Genre: Histoire
Qui ? Hamit Bozarslan
Titre: Histoire de la Turquie.De l’Empire à nos jours
Tallandier, 590 p.

Le mouvement de Gezi, désormais célèbre dans le monde entier, n’oppose pas seulement des défenseurs de la nature à un projet de centre commercial. Le conflit porte aussi sur l’histoire: passé ottoman – représenté par la caserne dont le centre commercial devrait reprendre la forme disparue – contre passé kémaliste, incarné dans le parc Gezi, pour la réalisation duquel les ruines de la caserne ont été rasées dans les années trente.

Cet antagonisme de moins en moins larvé entre récits nationaux concurrents fait désormais partie de la vie politique turque, résurgence d’autant plus vindicative que la Turquie moderne s’est, plus que tout autre, construite sur le rejet et le déni du passé – un passé qu’une nouvelle génération d’historiens a entrepris d’explorer d’un œil plus critique.

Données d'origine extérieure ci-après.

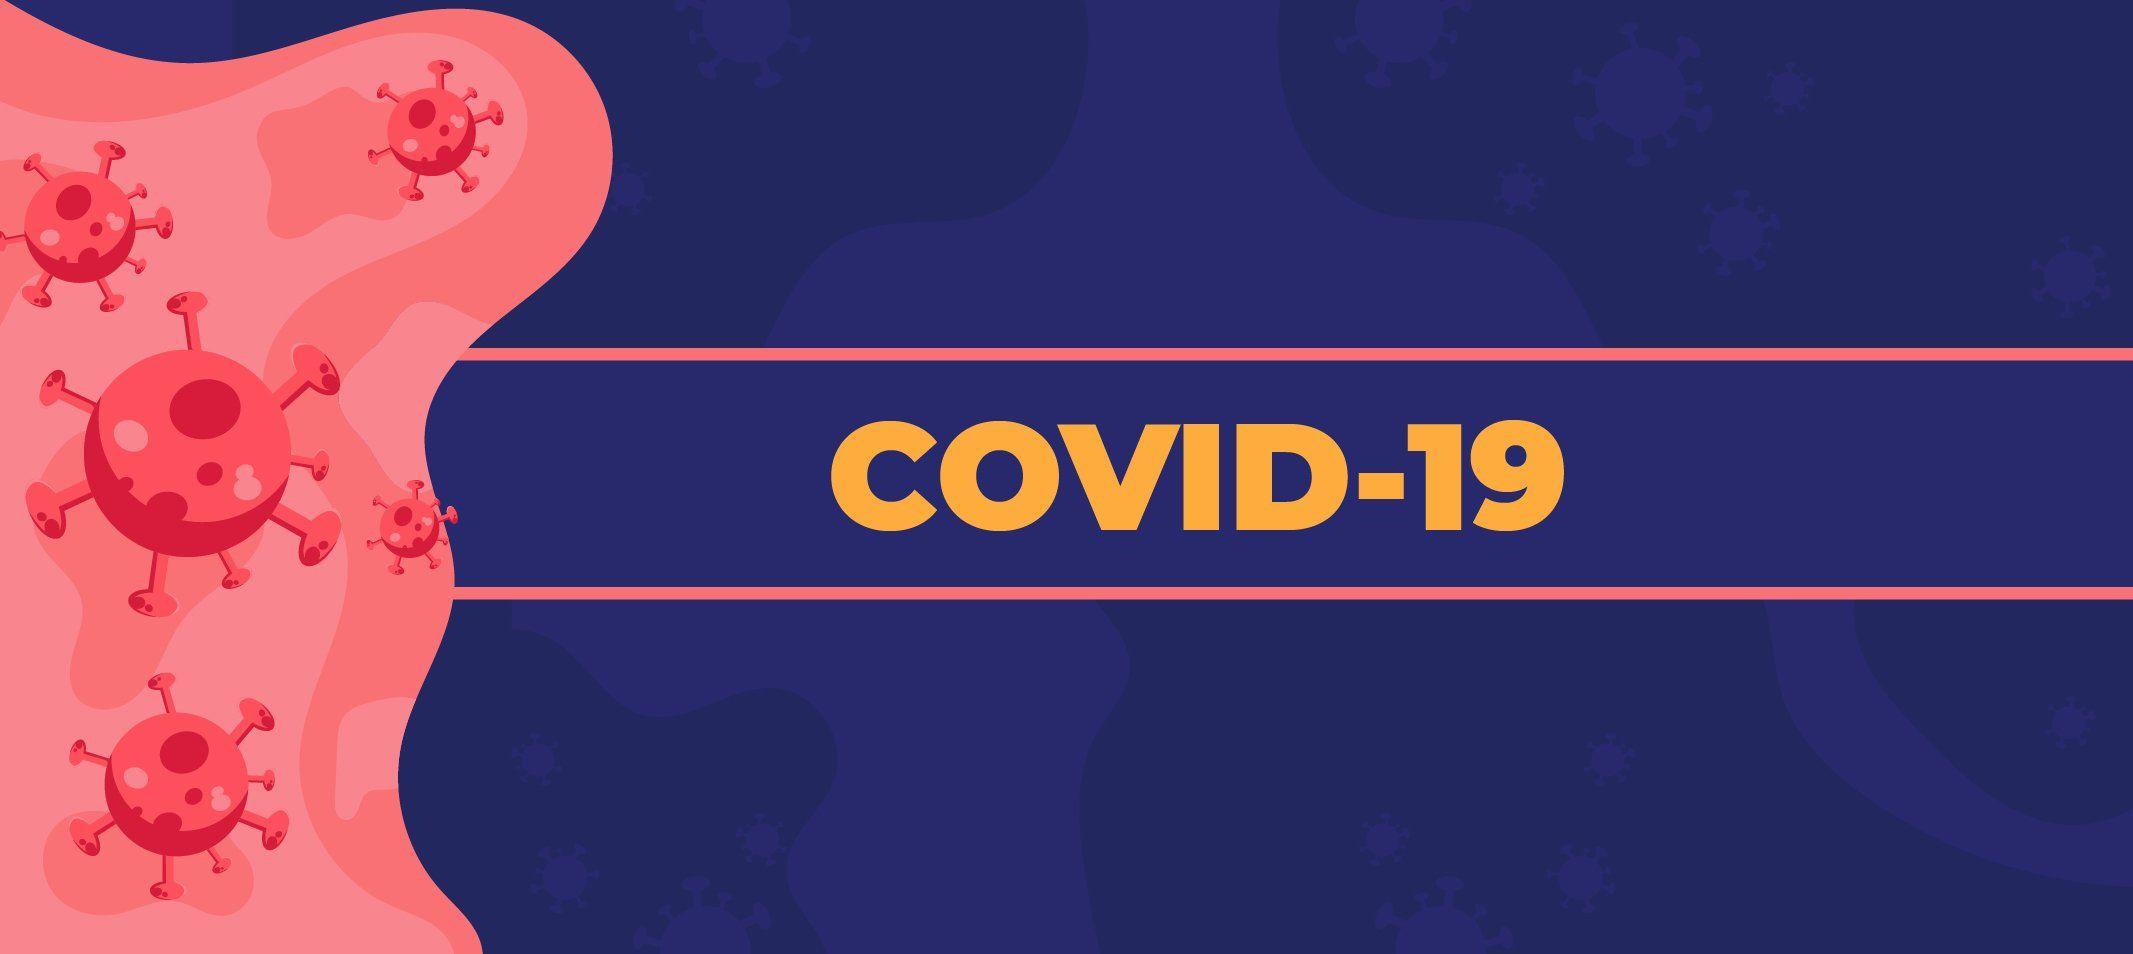 Ufam cria comitê de enfrentamento ao Covid-19 (Coronavírus)

L’un d’eux, Hamit Bozarslan, livre depuis la France une stimulante synthèse de cette nouvelle approche dans un ouvrage qui met en évidence de troublantes continuités entre anciens et modernes ainsi que d’étranges complicités entre leurs héritiers contemporains.

Le déchirement – ou la complémentarité – entre foi musulmane, destin européen et ancrage asiatique marque ainsi l’Empire ottoman dès ses premières conquêtes, en grande partie balkaniques. Il s’institutionnalise avec la prise de Constantinople en 1453, qui permet à Mehmet le Conquérant de couler sa dynastie dans le modèle impérial byzantin, prélude à une expansion vers l’est qui visera Bagdad, Damas, puis Le Caire qui tombe, avec le califat, en mains ottomanes en 1517. Cette évolution consolide l’alliance entre le trône et l’islam sunnite, porté par un corps d’ulémas fonctionnarisés et toujours plus conservateurs.

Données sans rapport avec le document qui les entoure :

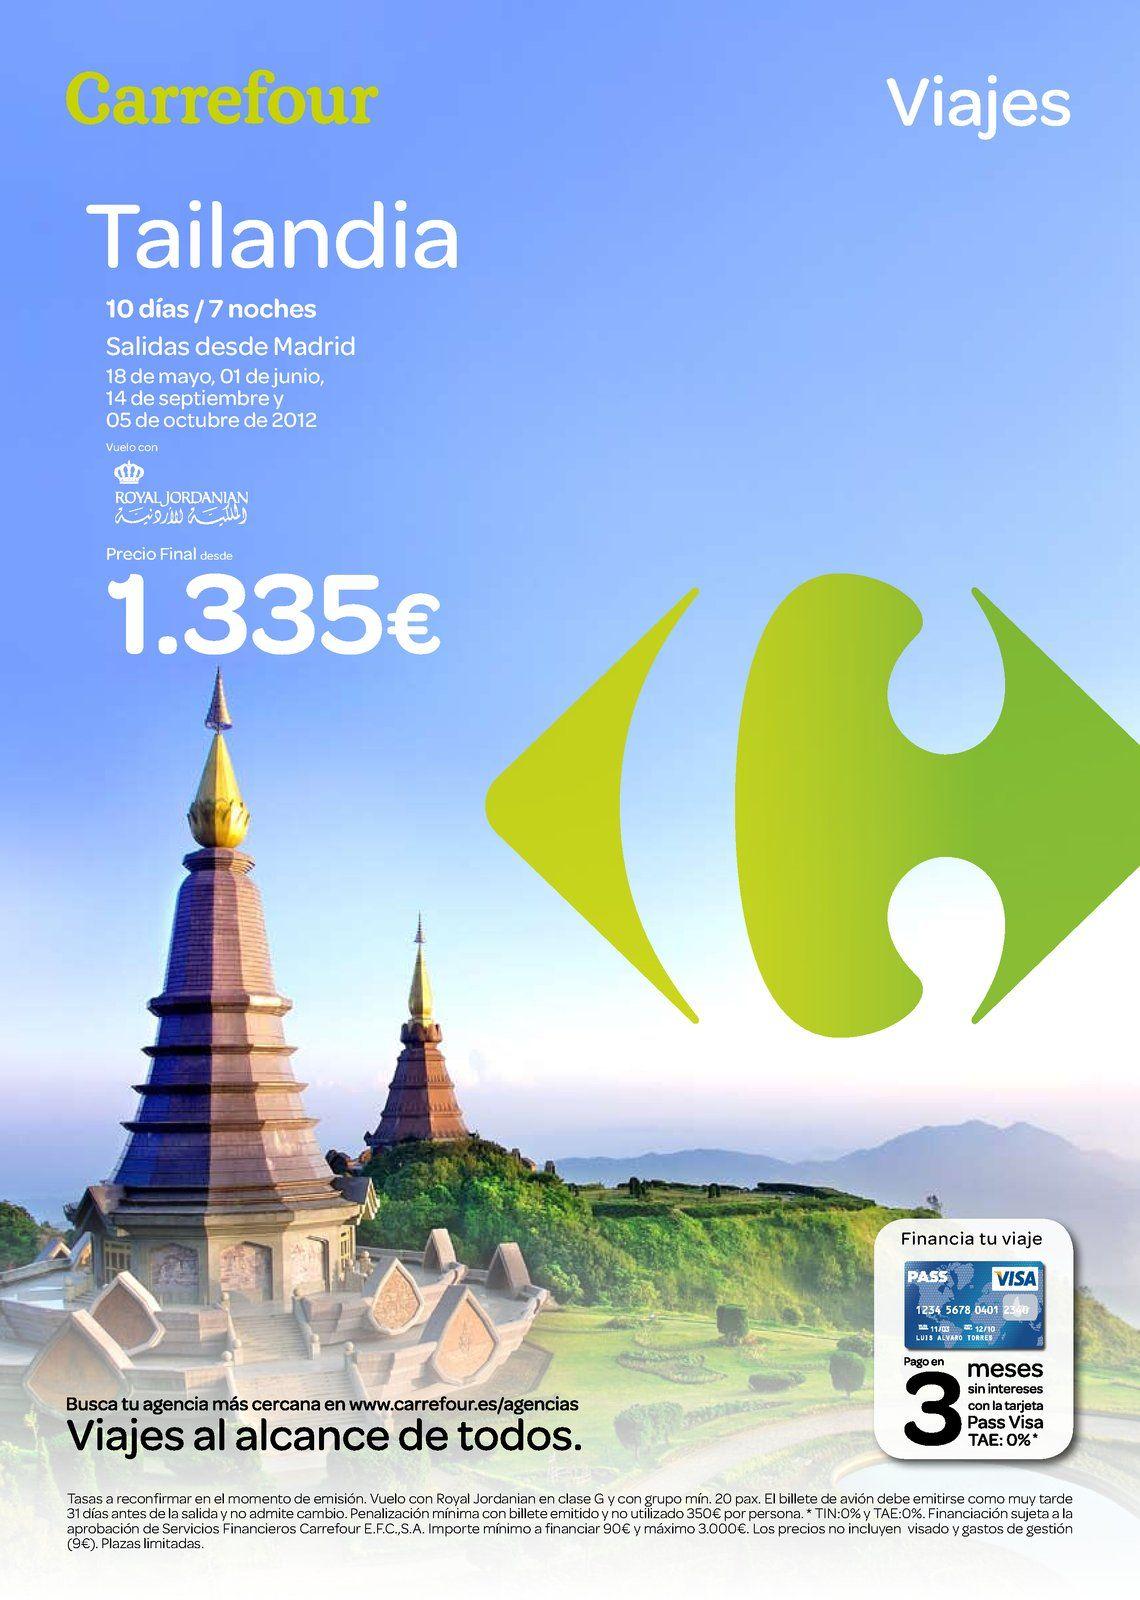 Pin De Alvaro En Publicidad Creativa Viajes Tiendas Tailandia

Cette superstructure incontestée règne sur un monde où la diversité religieuse est la règle. Communautés chrétiennes et juives – qui paient d’une discrimination institutionnalisée (et plus ou moins rigoureusement appliquée selon la conjoncture politique) le droit de participer aux avantages économiques liés à l’expansion territoriale – et tenants des courants multiples d’un islam soumis aux influences du zoroastrisme, des traditions animistes et du mysticisme chiite.

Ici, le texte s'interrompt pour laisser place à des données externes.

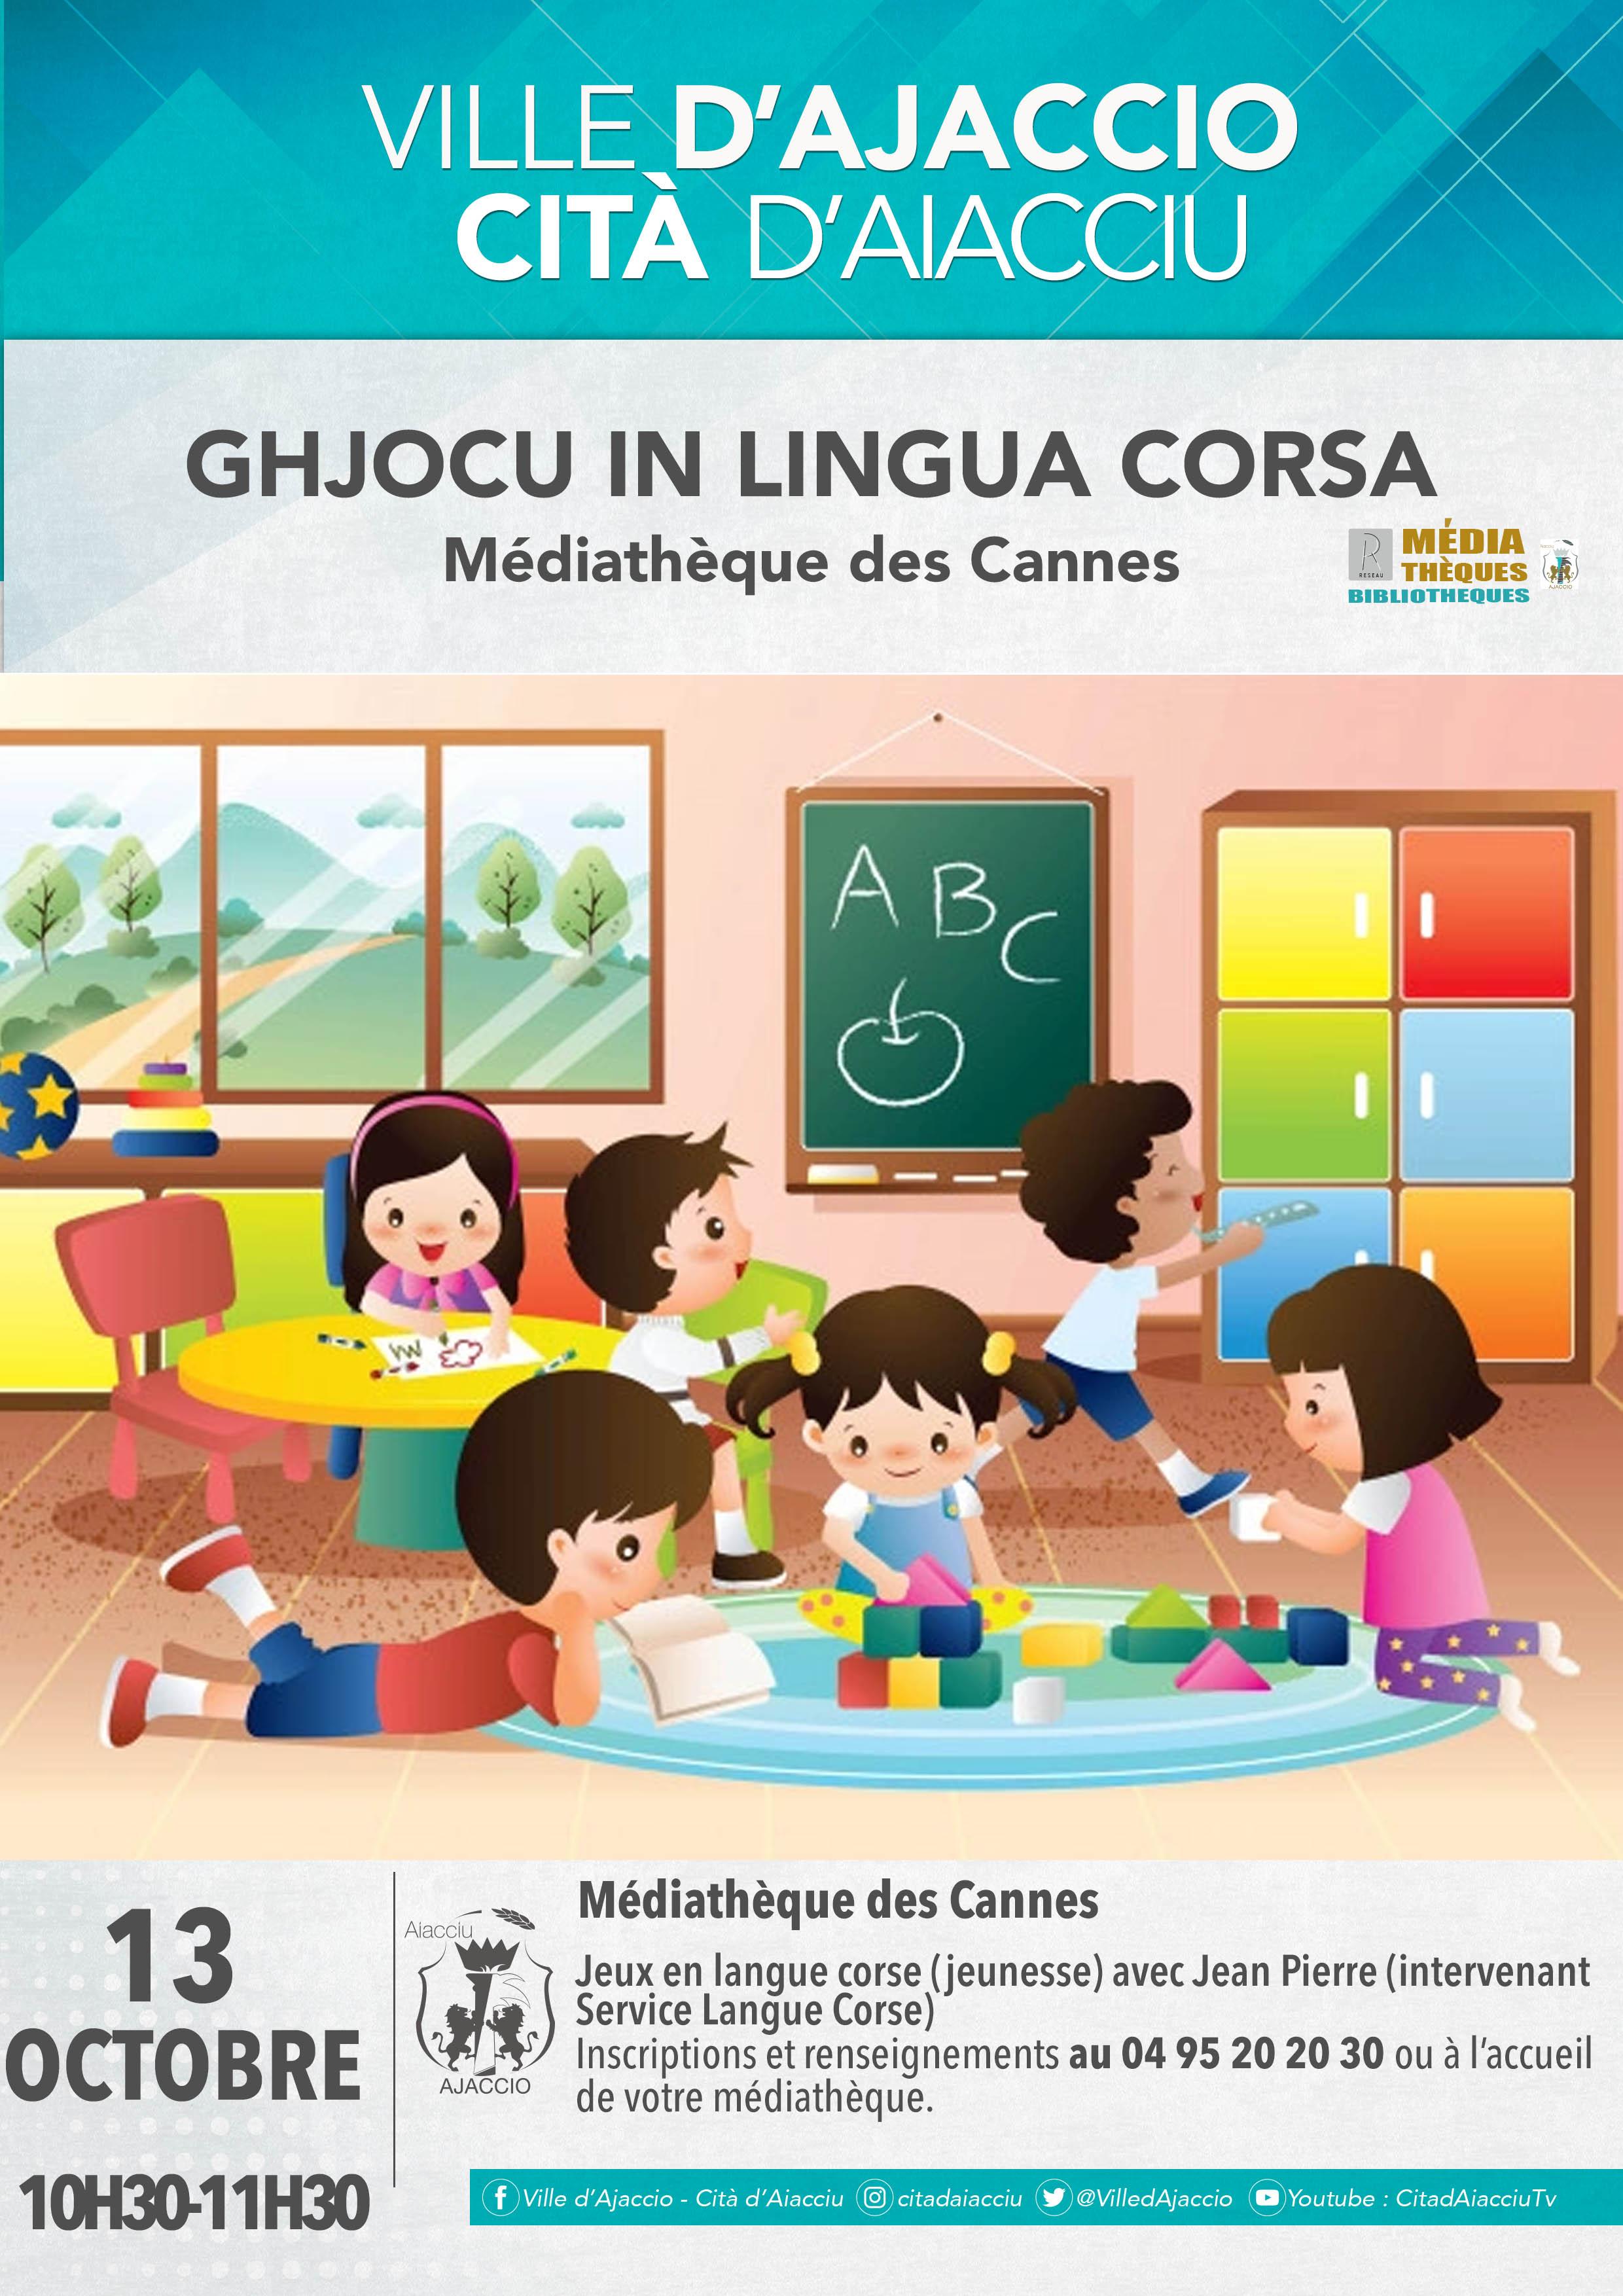 Ghjocu in lingua corsa

Mais c’est d’autres forces centrifuges dont se méfie avant tout l’Empire, dont l’ingénierie politique détache soigneusement la dynastie régnante de toute allégeance clanique. Comme les épouses et donc les mères des sultans, leurs ministres et le corps armé des janissaires sont des esclaves, en général enlevés en terres chrétiennes, islamisés, formés dans une école d’élite et promus selon un système où la méritocratie le dispute à une forme institutionnalisée de cooptation par la corruption.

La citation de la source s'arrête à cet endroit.